DATA SECTION:

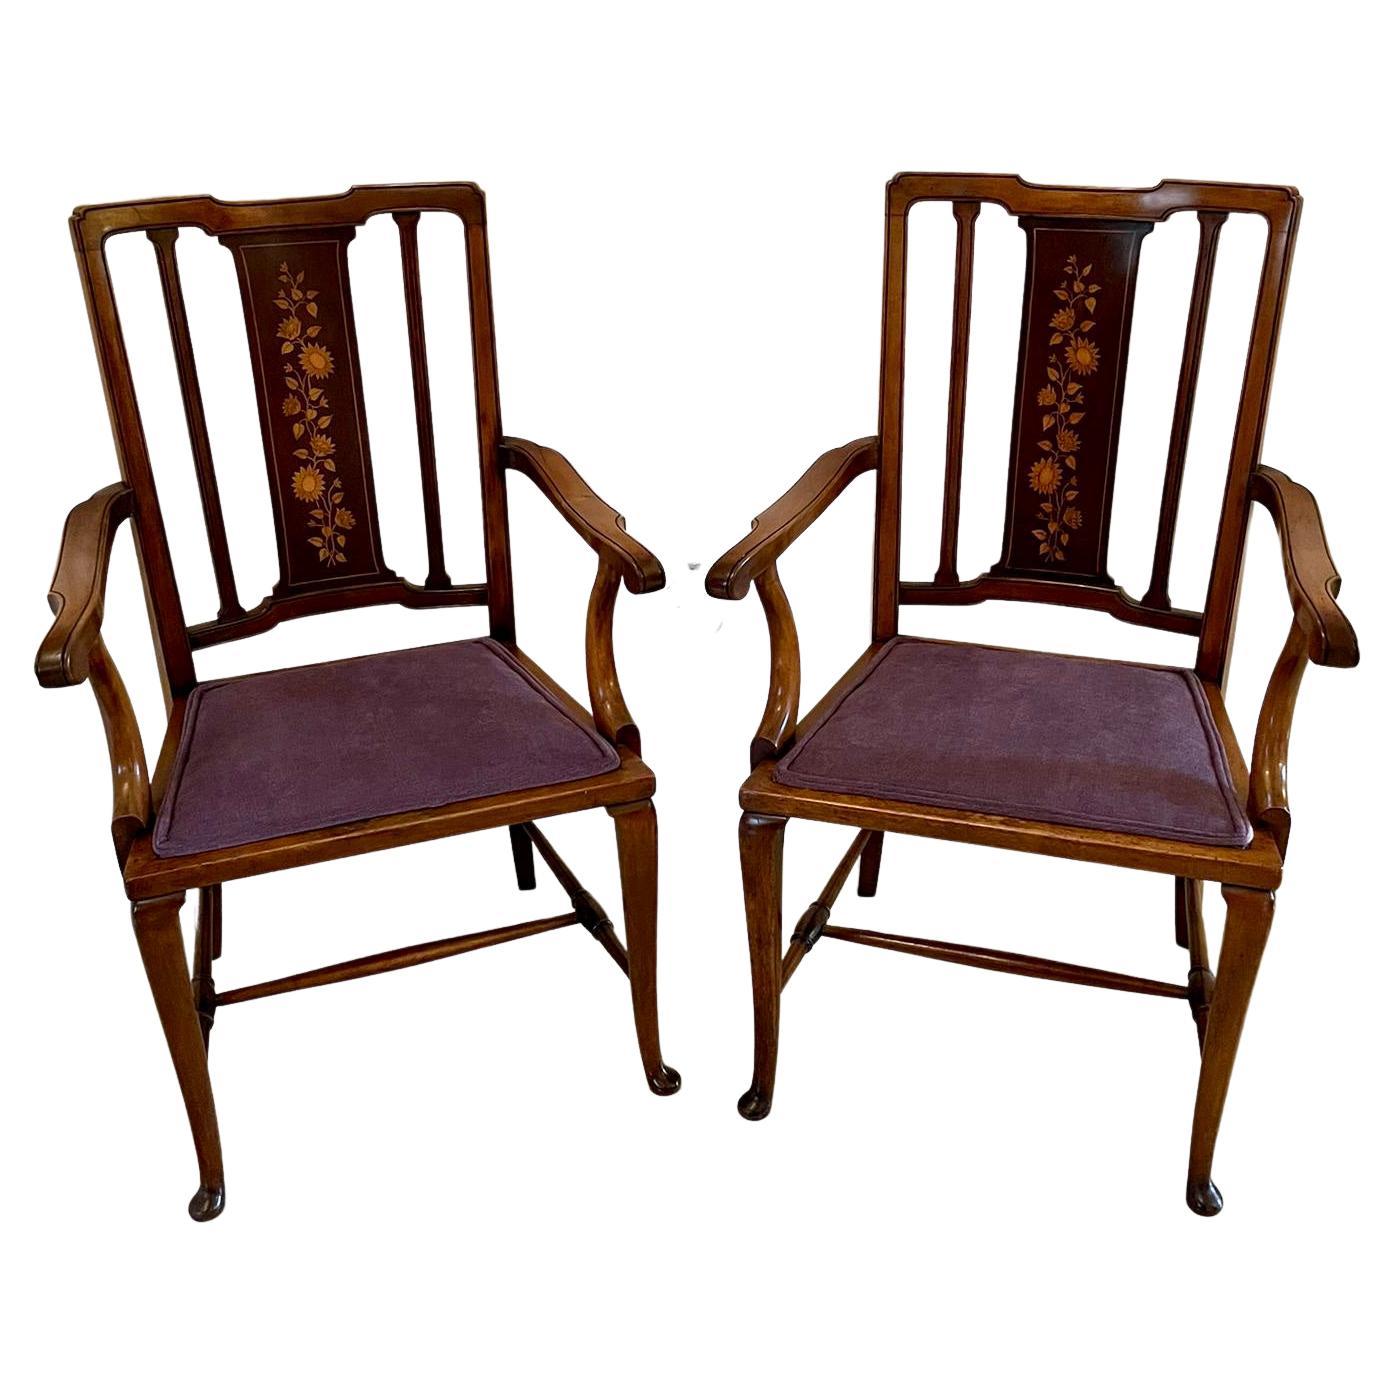 Pair of Antique Edwardian Inlaid Mahogany Desk Chairs For Sale
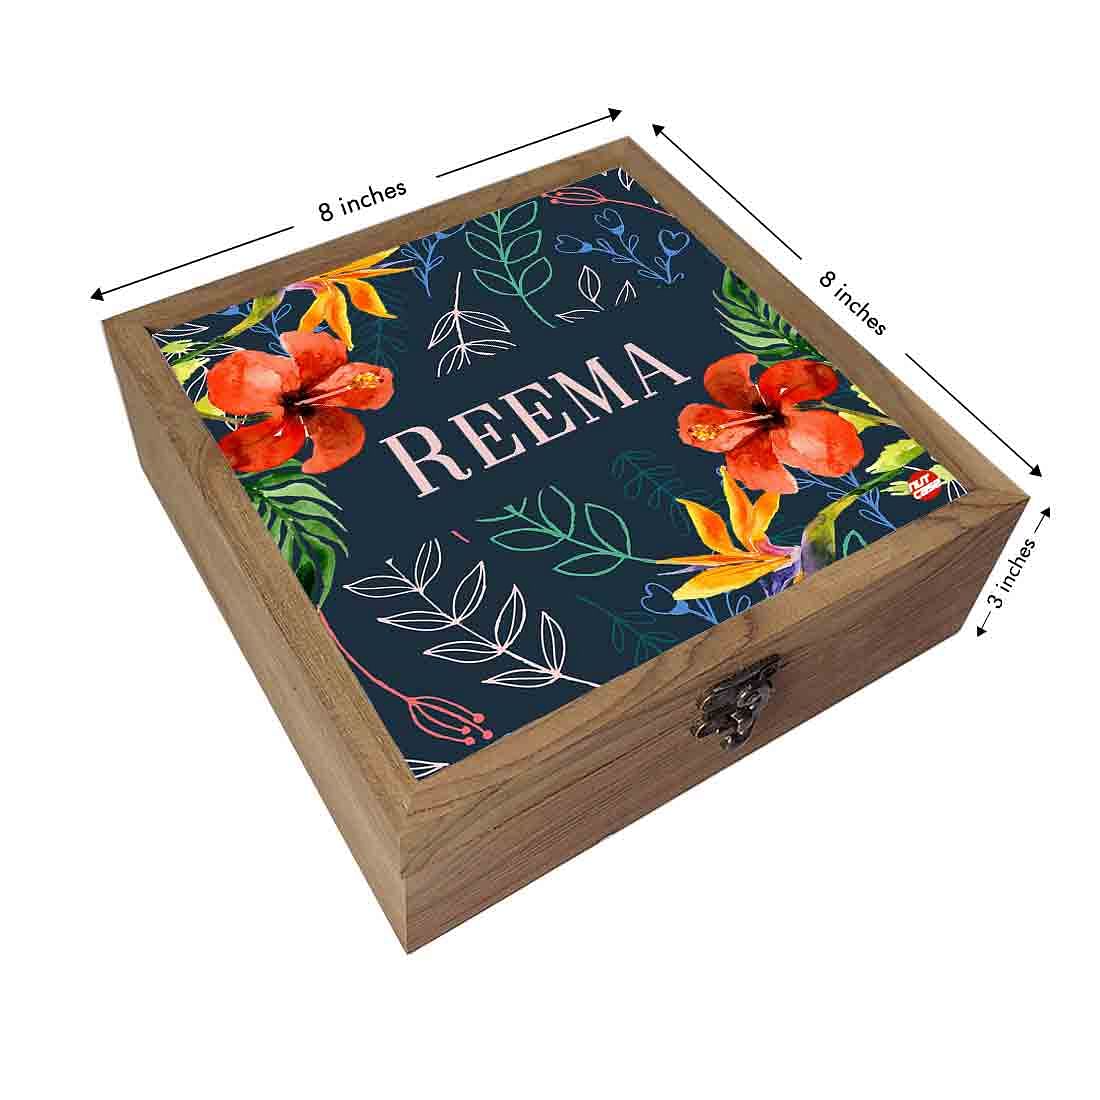 Customized Jewellery Box With Name - Hibiscus Leaf Nutcase
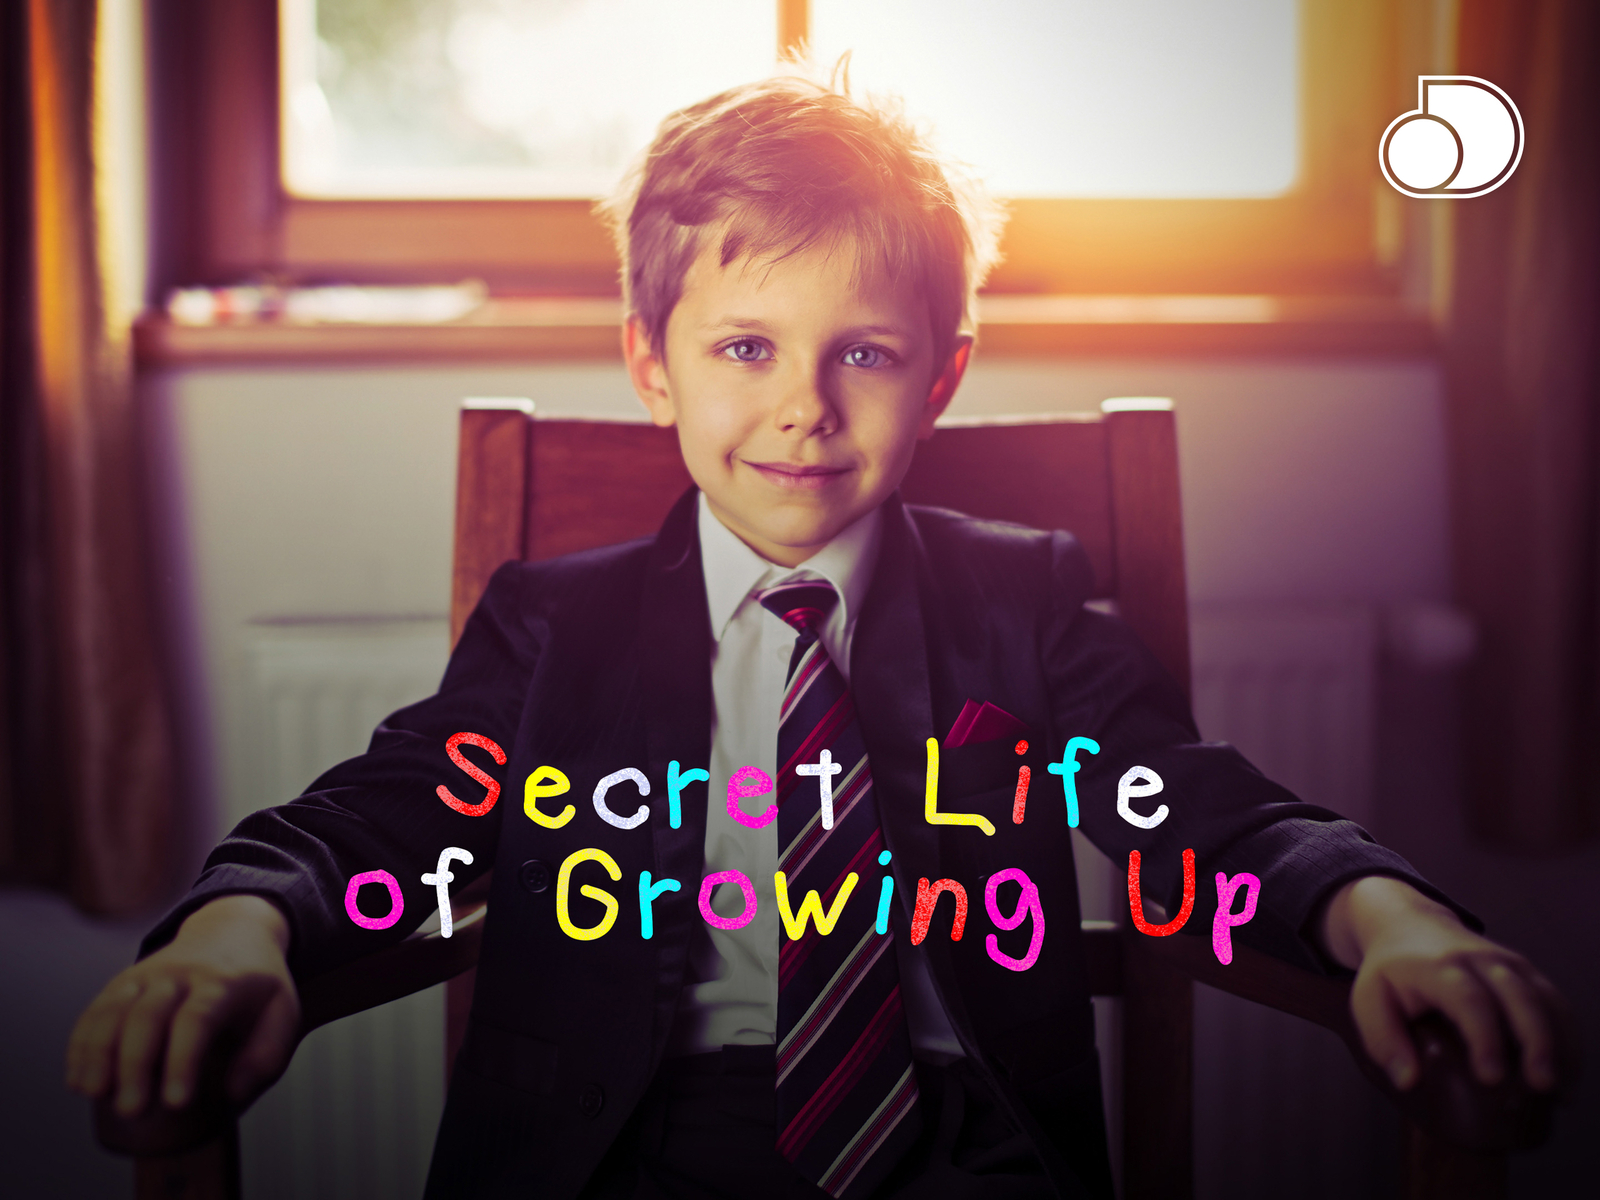 The Secret Life of Growing Up

TASK DIRECTIONS:
The listing above should be transcribed word for word, with its pictures left out.

ANSWER BOX:
 Pair of Antique Edwardian Inlaid Mahogany Desk Chairs For Sale
 Customized Jewellery Box With Name - Hibiscus Leaf Nutcase
 The Secret Life of Growing Up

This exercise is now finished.